Trial data reportedly holding up Amgen's plans to acquire Onyx
SOUTH SAN FRANCISCO—Those "unnamed sources" who are "close to the deal" are speaking to various media outlets again about the potential acquisition of Onyx Pharmaceuticals Inc. by Amgen Inc. And this time, they say a deal is close, but that Onyx's unwillingness to give over clinical trial data for European approval of Kyprolis is what's hanging things up.
At the crux of the matter is that Onyx doesn't have data for the blood-cancer treatment because the trial is still in process, but Amgen wants to see where things are at so that it can better gauge the potential future market value of Kyprolis. Onyx doesn't want to ask for early data out, though, reportedly out of concern that doing so might cause delays in future approval of the drug.
Data from the trial aren't due to come out until the first half of 2014.
Although talks of the acquisition are said to have "stalled" over this issue, the inside sources do indicate that Onyx is agreeable to a current offer of $130 per share, which would make for a roughly $9.5 billion deal.
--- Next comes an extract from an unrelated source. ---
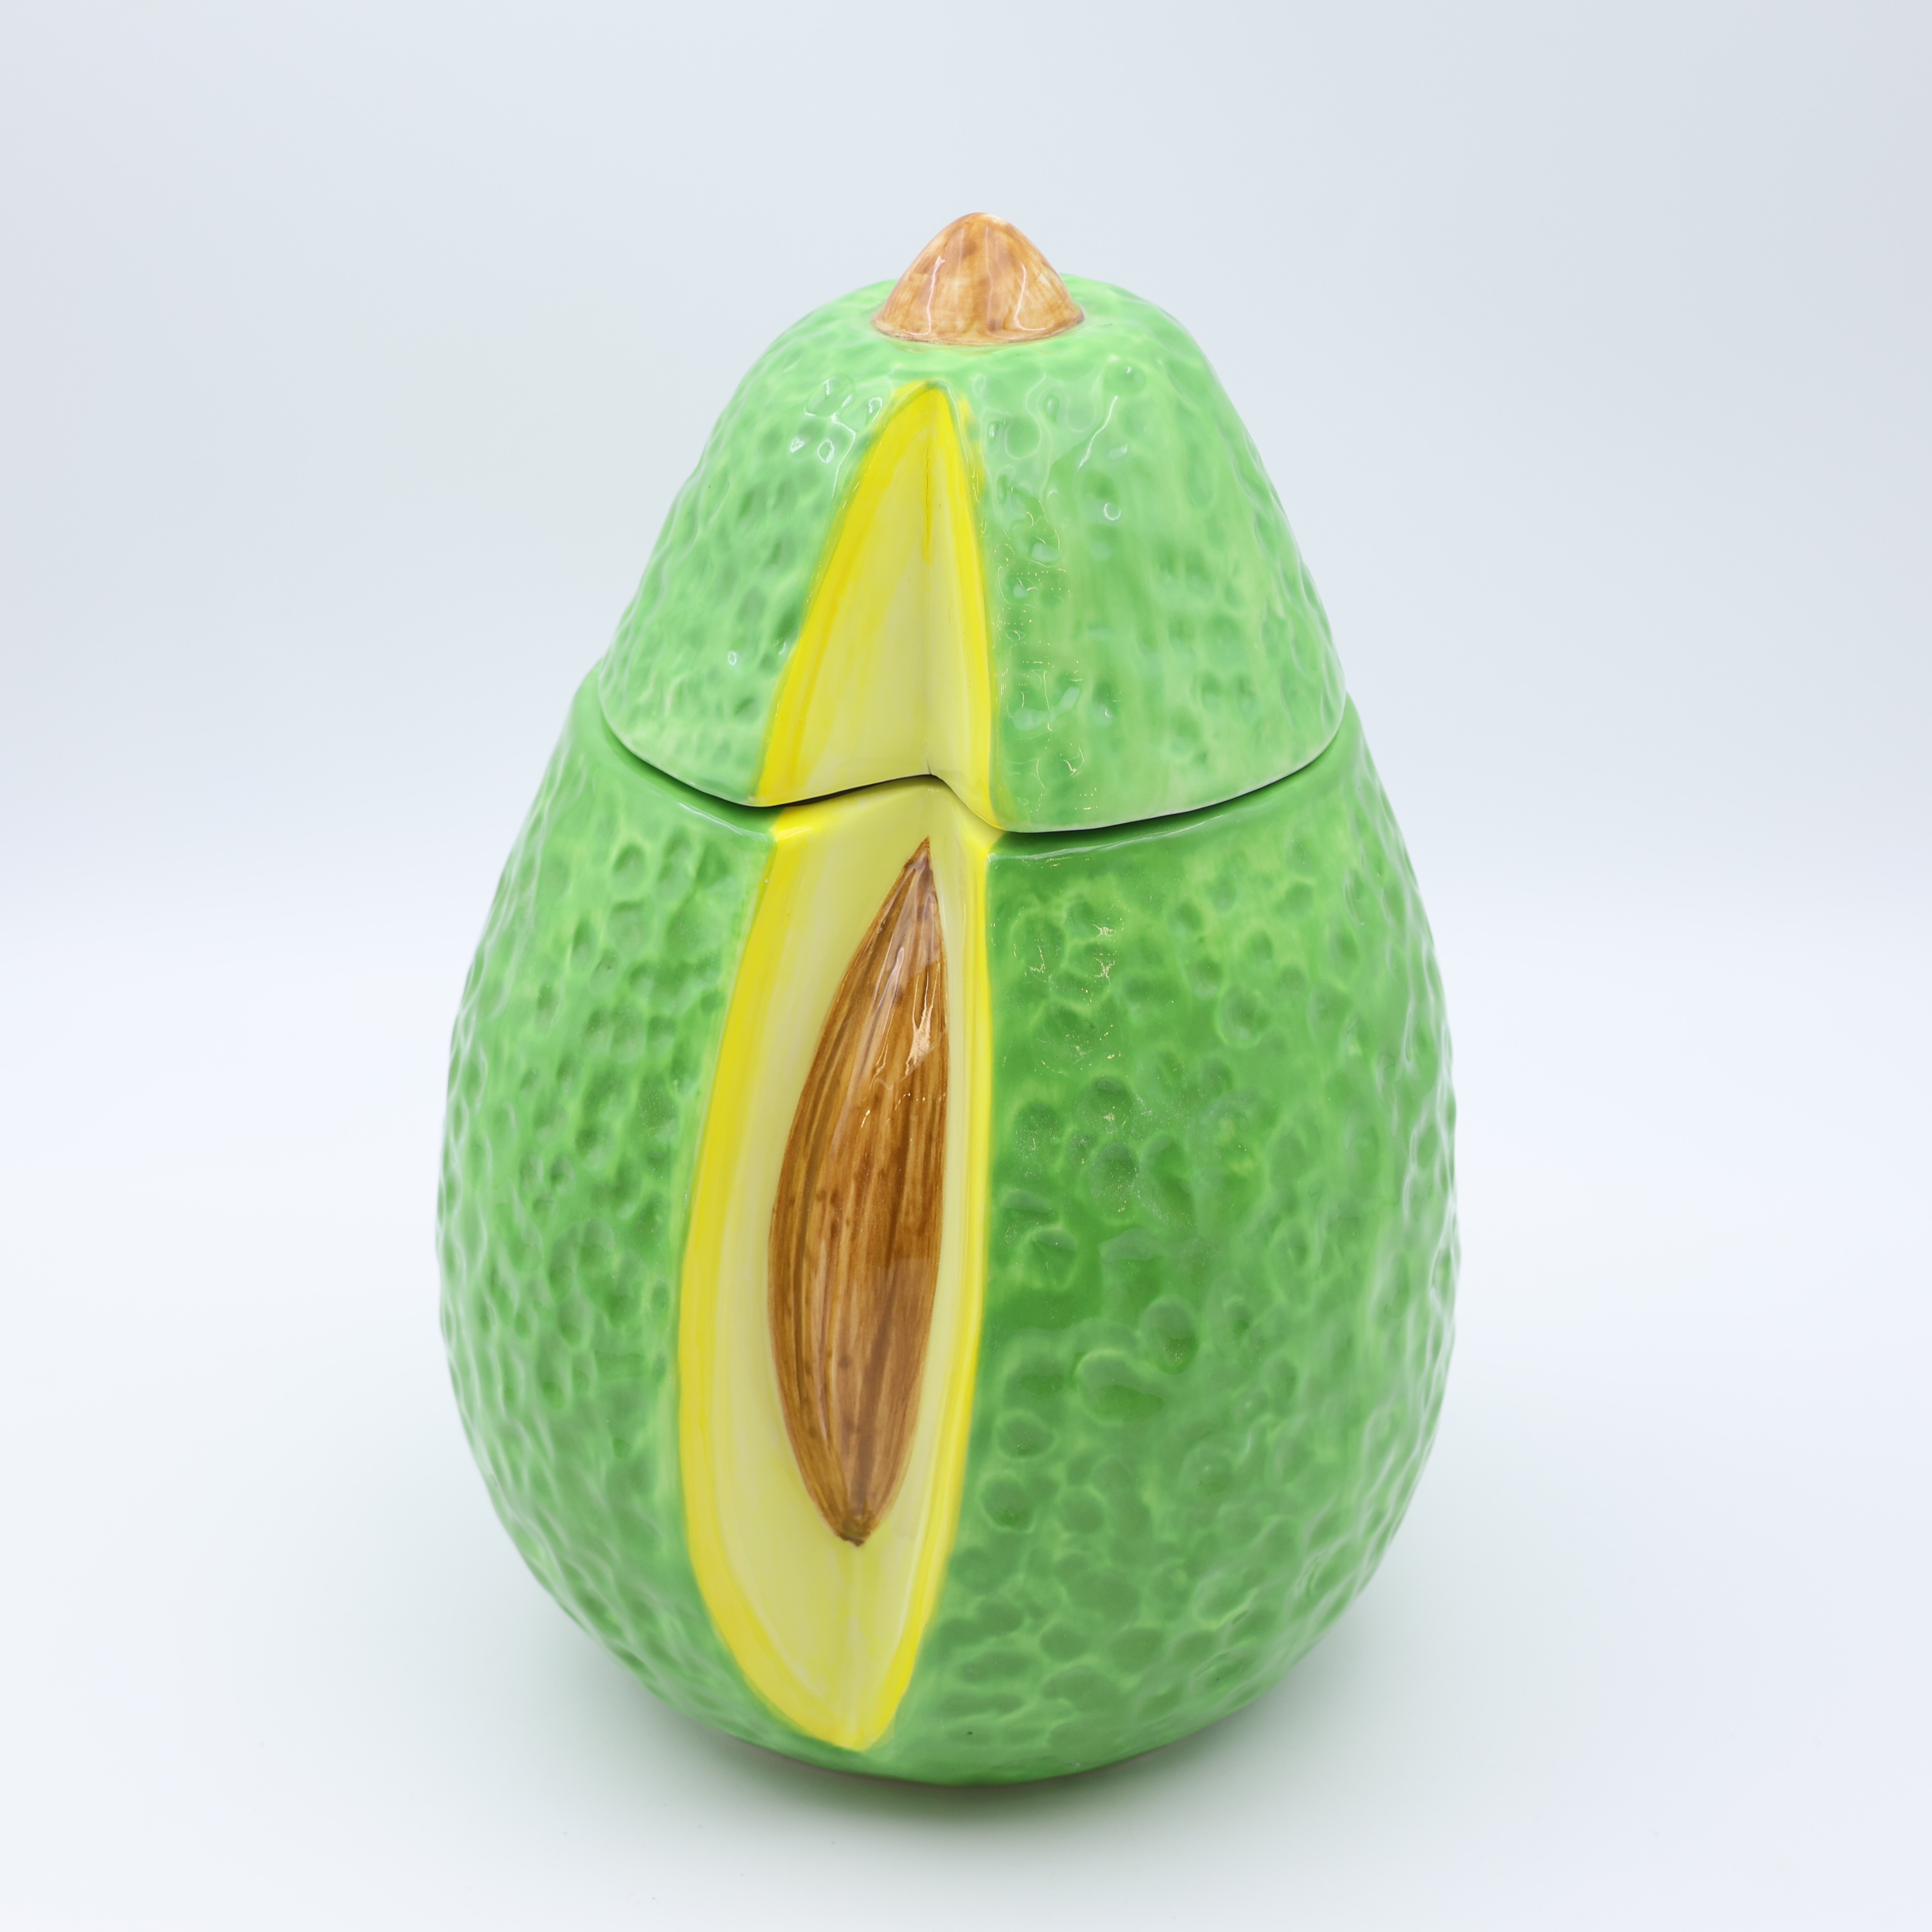 Ceramic Avocado Figura at Jar cum Lid

That's a 50 percent premium, more or less, over where Onyx's shares were selling for when news of a potential acquisition became public knowledge in late June.
Whether this sticking point will derail a deal remains to be seen, but Onyx already has a track record with some $362 million in 2012 in revenue from Nexavar (for liver and kidney cancer) and Stivarga (for stomach cancer), both of which it is selling in partnership with Bayer AG
Analysts have estimated that revenue from Kyprolis could grow to $2.4 billion by 2019.